Hoofdstuk 8. Slotbepalingen

 

 

Artikel 37. Hardheidsclausule

 

Artikel 37 bepaalt dat het college in bijzondere gevallen ten gunste van de aanvrager kan afwijken van

de bepalingen van deze verordening, en dus niet van de in de wet zelf genoemde bepalingen. Zo nodig wordt hierbij advies ingewonnen. Dit afwijken kan alleen maar ten gunste en nooit ten nadele van de betrokken persoon met beperkingen of de eigenaar van de woonruimte. Bij de woningeigenaar, bijvoorbeeld een corporatie kan gedacht worden aan een situatie waar het van belang is dat een woonruimte ook langer dan zes maanden leeg staat, omdat bijvoorbeeld bekend is dat een persoon met beperkingen voor wie de aangepaste woning uitermate geschikt is, op het punt staat om uit een revalidatiecentrum te worden ontslagen.

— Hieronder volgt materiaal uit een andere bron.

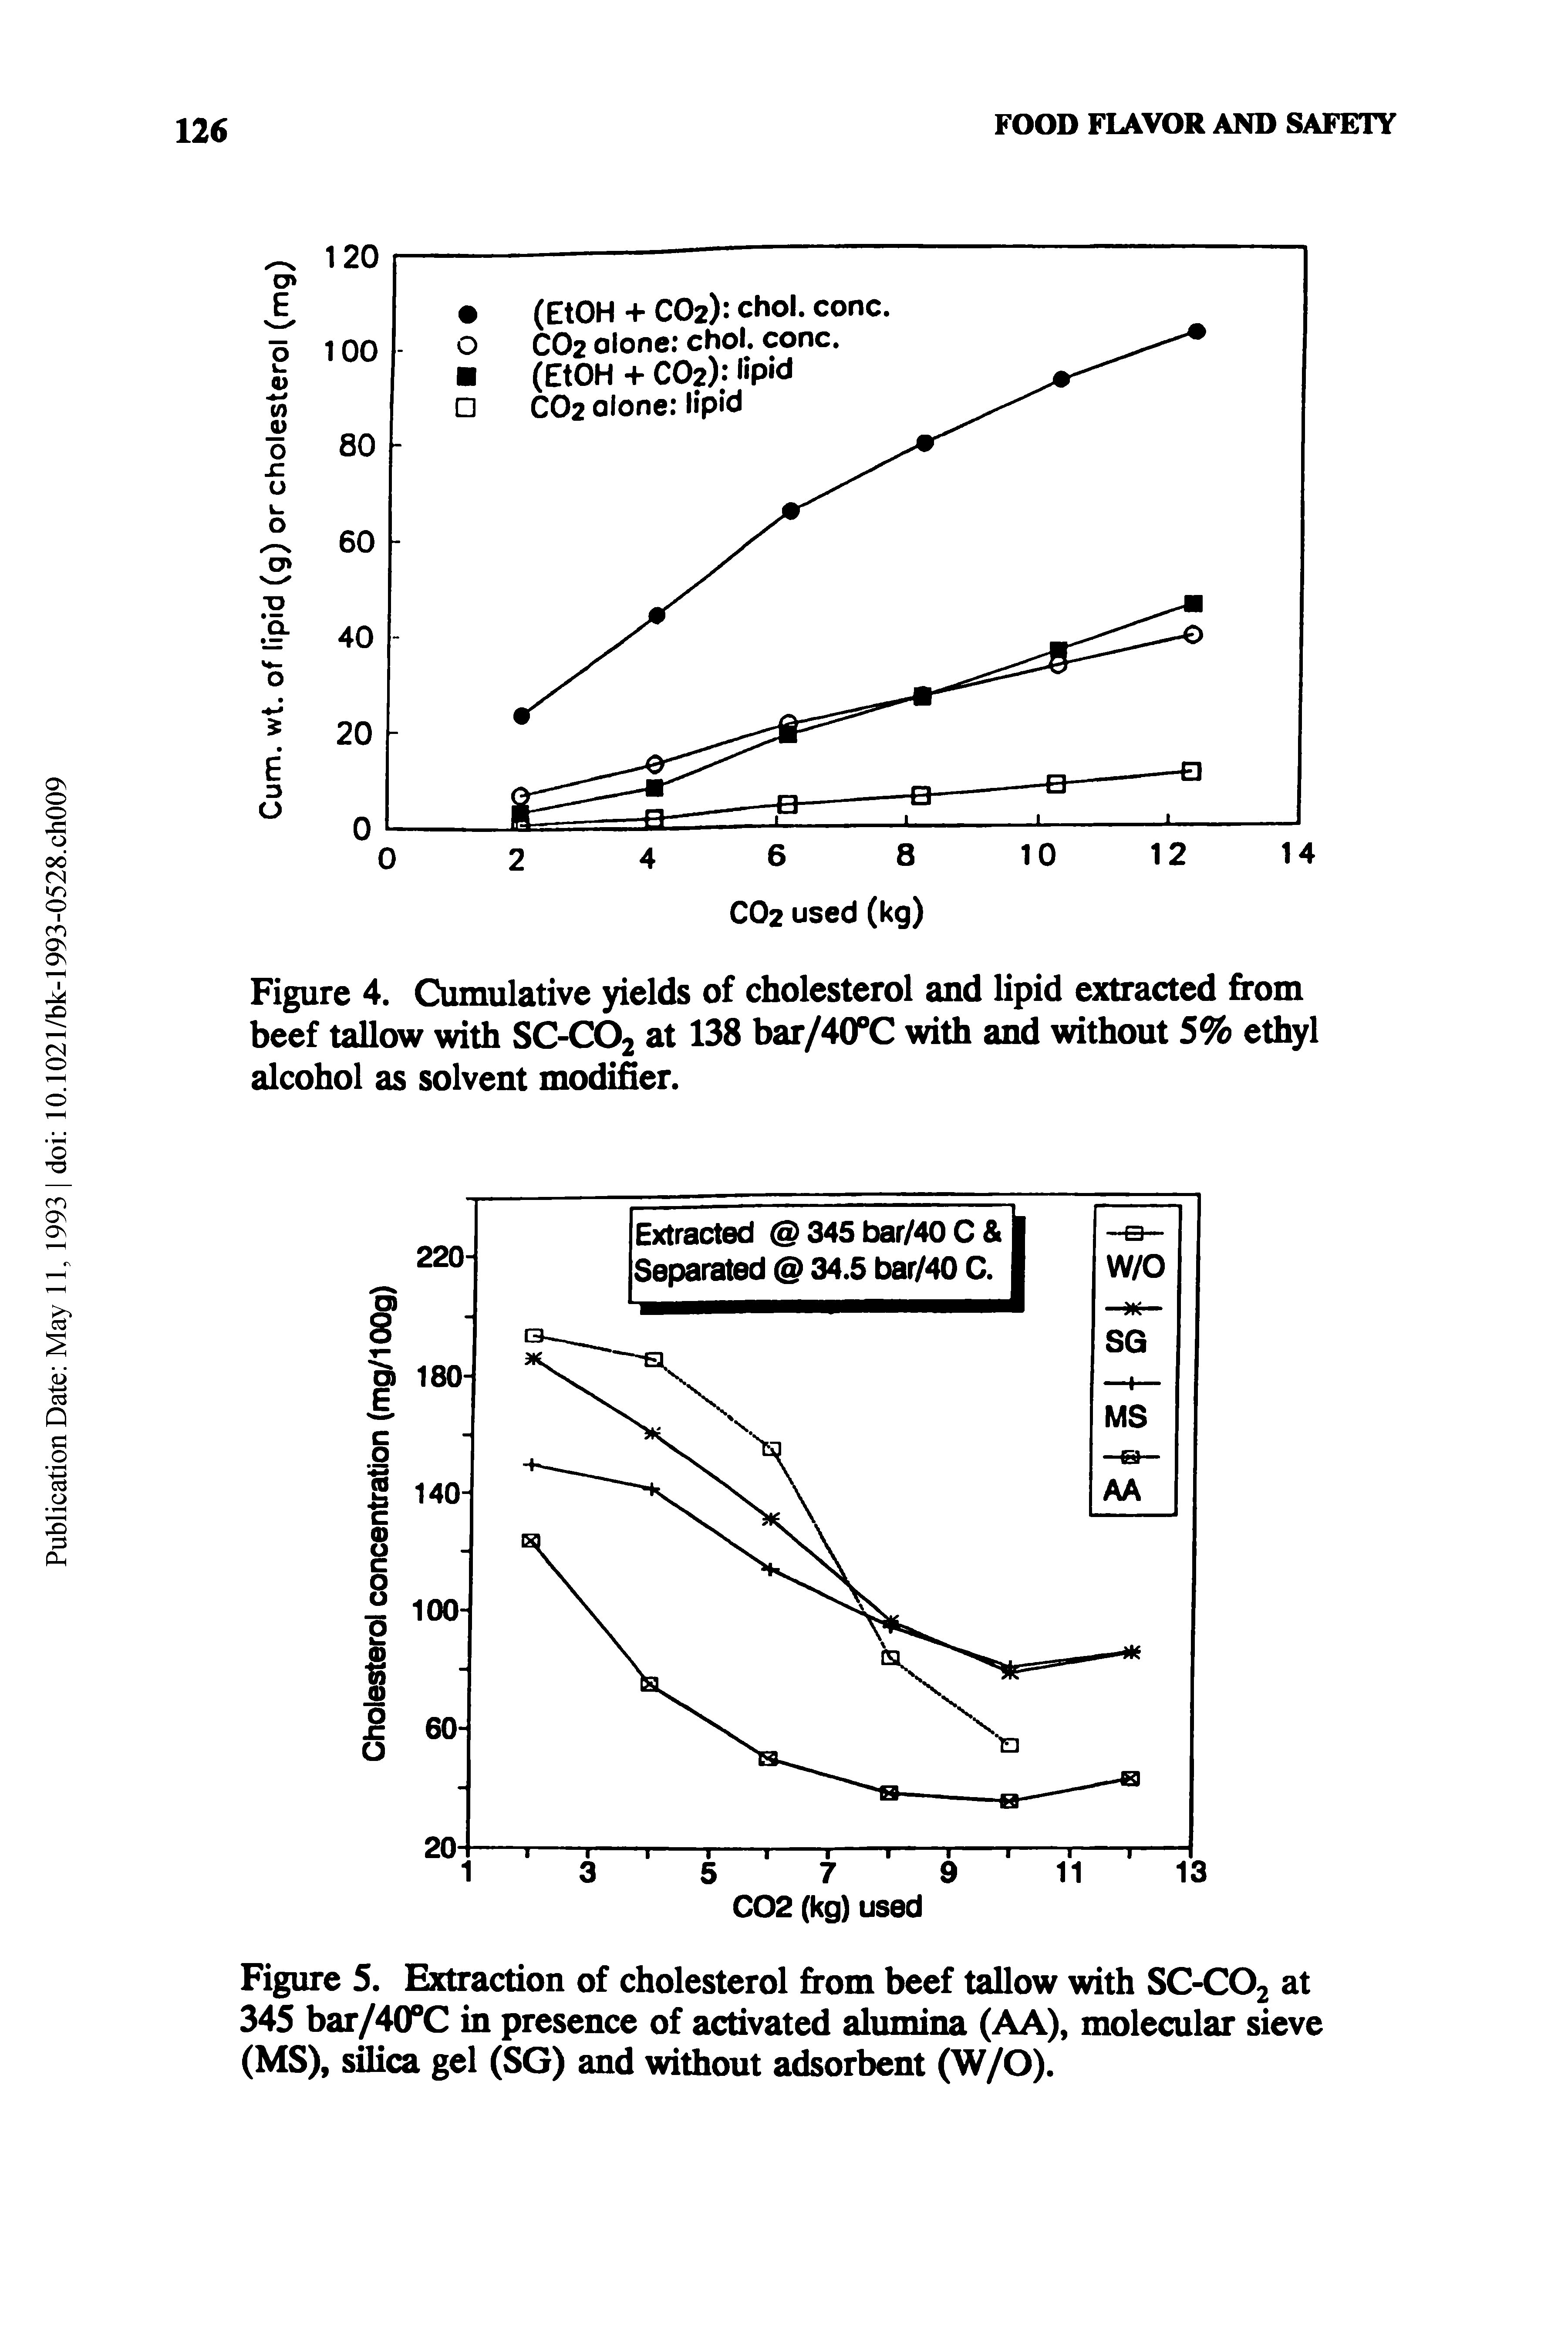 Figure 4. Cumulative yields of cholesterol and lipid extracted from beef tallow with SC-CO2 at 138 bar/40°C with and without 5% ethyl alcohol as solvent modifier.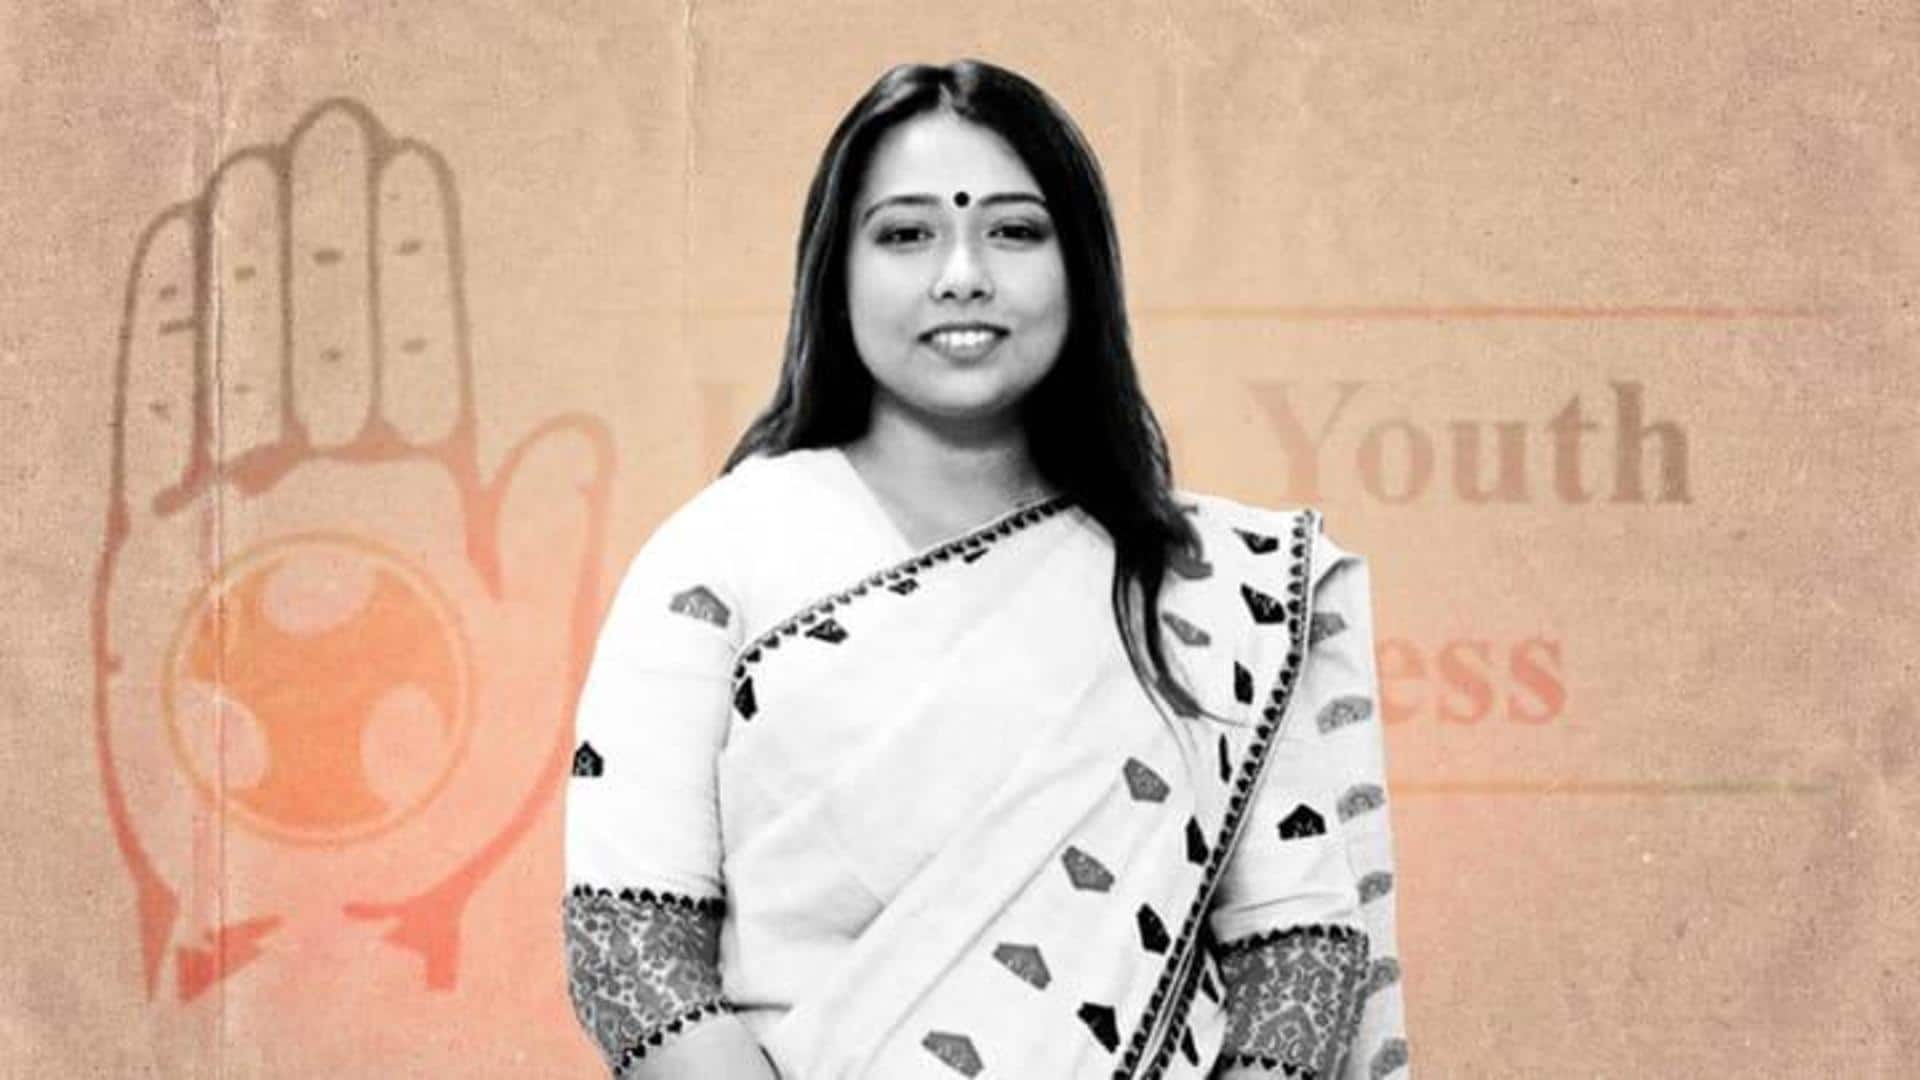 Congress expels ex-Assam youth chief days after she alleged harassment

In die gevallen kan het doelmatiger zijn om een langere periode een tegemoetkoming in de huurderving te verstrekken. Verder is met nadruk gemeld: in bijzondere gevallen. Het gebruik maken van de hardheidsclausule moet beschouwd worden als een uitzondering en niet als een regel. Het college moet in verband met precedentwerking dan ook duidelijk aangeven waarom in een bepaalde situatie van de verordening wordt afgeweken.

 

Artikel 38.  Indexering

 

Deze bepaling, maakt het mogelijk alle bedragen, genoemd in het op de verordening gebaseerde Besluit maatschappelijke ondersteuning gemeente Edam-Volendam, te indexeren. Indexering voor de meeste van de op deze verordening gebaseerde normbedragen vindt plaats volgens het CBS-prijsindexcijfer voor de gezinsconsumptie. De Algemene Maatregel van Bestuur zoals op 22 mei 2006 naar de Tweede Kamer gezonden bepaalt in artikel 4.5. lid 1 dat ook de bedragen van de eigen bijdragen jaarlijks aan de hand van de prijsindex voor de gezinsconsumptie worden gewijzigd bij ministeriële regeling.  

 

Artikel 39.  Evaluatie

 

Op grond van dit artikel dient het gemeentelijk beleid periodiek geëvalueerd te worden. Dat beleid omvat zowel het algemene beleid, zoals door de gemeenteraad neergelegd in de verordening, als het uitvoeringsbeleid, dat onder de bevoegdheid van het college is neergelegd in beleidsregels. Indien de evaluatie daartoe aanleiding geeft, bijvoorbeeld omdat het voorzieningenniveau te hoog of te laag blijkt te zijn, dient de evaluatie te leiden tot aanpassing van de verordening of van de beleidsregels.

 

Artikel 40.  Overgangsrecht

 

In deze overgangsregeling is bepaald dat aanvragen die voor de inwerkingtreding zijn ingediend, worden afgewikkeld op basis van deze verordening respectievelijk het op deze verordening gebaseerde besluit van het college.

 

In tegenstelling tot de oude verordeningen, zijn belanghebbenden eigen bijdragen verschuldigd voor voorzieningen die hen in het verleden op basis van de Wet maatschappelijke ondersteuning zijn verstrekt. Het vragen van deze eigen bijdragen vraagt, om juridische en praktische redenen, om een overgangsperiode. Gekozen is voor een overgangstermijn van een half jaar.

 

Artikel 41.  Inwerkingtreding

 

In artikel 41 is opgenomen de datum van inwerkingtreding, de daarmee samenhangende intrekking van een eventuele voorafgaande verordening.

 

Artikel 42.  Citeertitel

 

Artikel 42 bevat de citeertitel, waaronder de verordening kan worden aangehaald. Deze bepaling

spreekt voor zich en wordt niet nader toegelicht.